Allow internet access but nothing else with several if

sventz · Jun 9, 2010, 8:18 PM

Hello, dear pfSense forum members,

i am testing a pfSense setup with one WAN interface and several VLAN interfaces (four at the moment, later like twenty or so). What firewall rule/rules should i use to allow traffic from every VLAN net to the Internet, but not from one local net to other local networks; or for other networks, only allow traffic to the Internet and only to a certain other network?

The „simplest-but-not-quite-working“ idea i had so far is to create an alias with all the local networks in it, and then create a pass rule for a VLAN interface with destination: not single host or alias: vlan alias. But that would also include the pfSense gateway for the local network. So i guess i need one alias of local networks for every network without the network itself, which could be quite a lot aliases, depending on the number of VLANs.

jigpe · Jun 9, 2010, 11:30 PM

Hi. Use firewall rule. Source: ip, Destination: Any, Port: Any

scoop · Jun 10, 2010, 12:17 PM

Hi,

I think I would do this:

Put all local networks in one alias
Create rules like this per VLAN:
- Pass traffic from particular VLAN to firewall VLAN IP (already selectable as source, no need to alias)
- Pass traffic not destined to Local networks alias
Is that what you would like to achieve?

sventz · Jun 10, 2010, 1:34 PM

Yes, thank you, that seems to work as intended. If, after all, some clients need access to another local network or a single host, the admin can just place a pass rule before the pass-to-all-but-not-to-alias rule.

jonnytabpni · Jun 11, 2010, 6:05 PM

@scoop:

Hi,

I think I would do this:

Put all local networks in one alias

Create rules like this per VLAN:

Pass traffic from particular VLAN to firewall VLAN IP (already selectable as source, no need to alias)

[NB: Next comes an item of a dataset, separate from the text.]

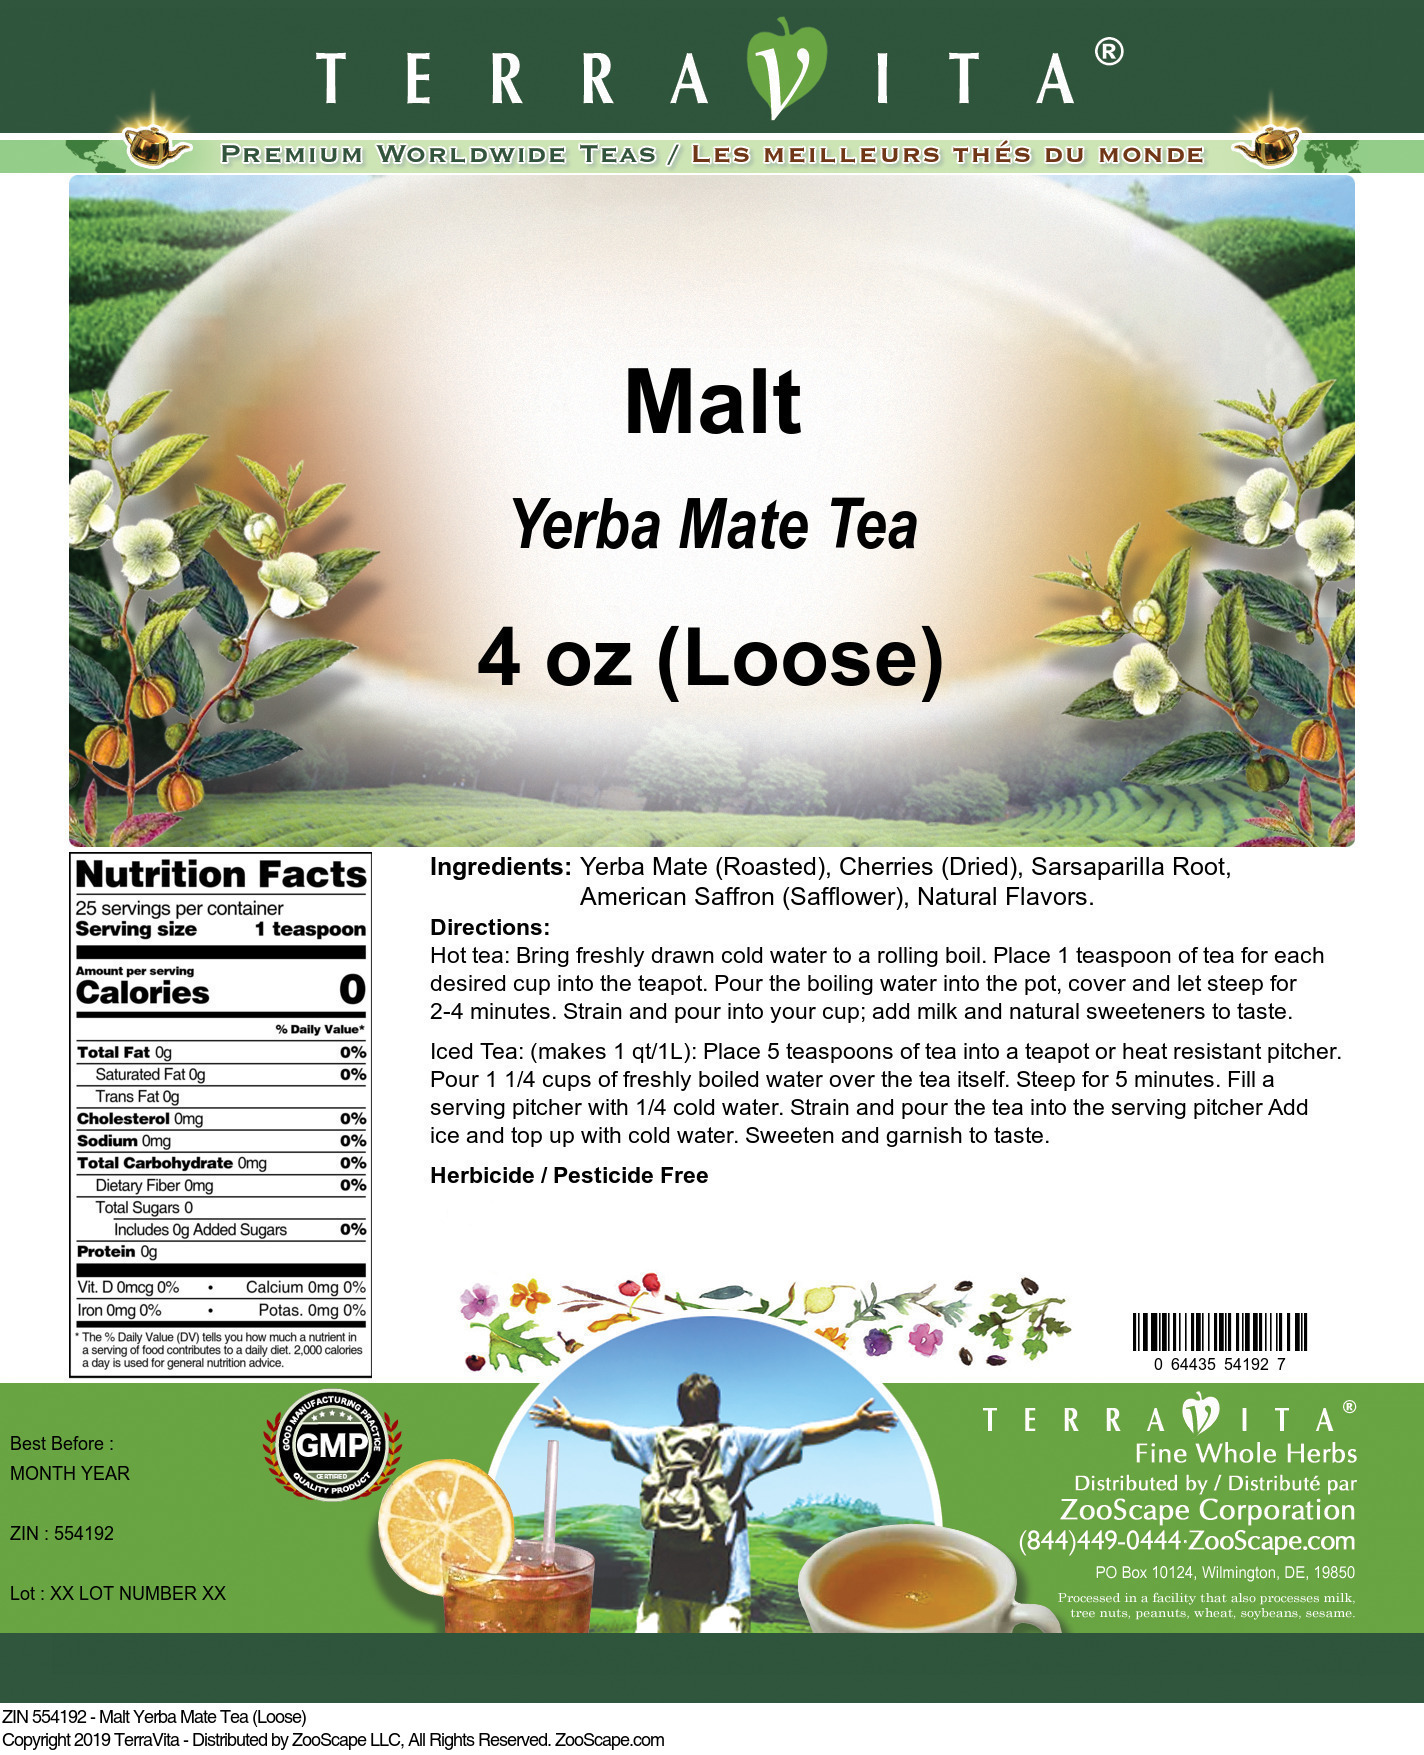 Malt Yerba Mate Tea (Loose) - Label

Pass traffic not destined to Local networks alias

Is that what you would like to achieve?

Hi scoop,

Can you please explain to me why you would allow traffic to the firewall VLAN ip, and not the entire internet (i.e. '*')? If it were me, I would (In order of it appearing in the GUI):

Block traffic to all local networks
Allow access to everywhere

I could have got this wrong, but surely if you just allow the vlan ip of pfsense, woudn't that just allow access to the web GUI from said VLAN?

Thanks

scoop · Jun 12, 2010, 7:37 AM

@jonnytabpni:

Can you please explain to me why you would allow traffic to the firewall VLAN ip, and not the entire internet (i.e. '*')? If it were me, I would (In order of it appearing in the GUI):

Block traffic to all local networks
Allow access to everywhere

It's not the first pass rule that allows access to the internet. The first pass rule just makes sure all VLANs can access the default gateway, that's all. This is redundant for the LAN interface (since that interface already has the anti-lockout rule that does the same). The second rule uses negation (not) on the "All local networks" alias to allow traffic to everything, except these local networks.

Your rules would not allow traffic to the default gateway itself, since its IP is also within the local networks range. I think it would be best to figure out what traffic is to be allowed exactly to the default gateway (i.e. ARP request?) and only allow that.

I hope this makes sense. :)

jonnytabpni · Jun 12, 2010, 11:47 AM

Hi scoop,

yes that makes sense.

Why do the interfaces need access to the pfsense gateway? I understand that they would use the pfsense ip as their "default gateway", but since traffic is destined for another host on the internet, is that rule needed.

I think this is the only place that I'm confused about

What is this "default anti-lockout" rule you speak of?

Thanks

sventz · Jun 14, 2010, 4:07 AM

@jonnytabpni:

[..]
What is this "default anti-lockout" rule you speak of?

Thanks

It's under System: Advanced: Miscellaneous: webGUI anti-lockout, and per default it's like a invisible firewall rule that always allows access to the LAN address of pfSense from the LAN network that is connected to it, so that one doesn't lock himself out of the WebGUI accidentally, or deliberately

On the not-allowing-traffic-to-local-network-with-VLAN-alias topic: a pass rule with a "not" destination to network 192.168.0.0/16 seems to work also. It just forbids traffic to the whole 192.168 private network block, so an up-do-date VLAN alias is no longer needed. My knowledge of IP routing/network stuff isn't enough, though, to predict if the subnet mask could lead to any problems.

scoop · Jun 14, 2010, 9:27 AM

It is also not required to allow traffic to the VLAN interface IP of the pfSense box, traffic to the internet will work without it. Of course ARP request are always allowed and fall outside the interface traffic rules. But access to the DNS forwarder to allow DNS queries and DHCP for example is another thing. I was only providing a rough example for what the topic starter requested. I guess I should have been more clear about that.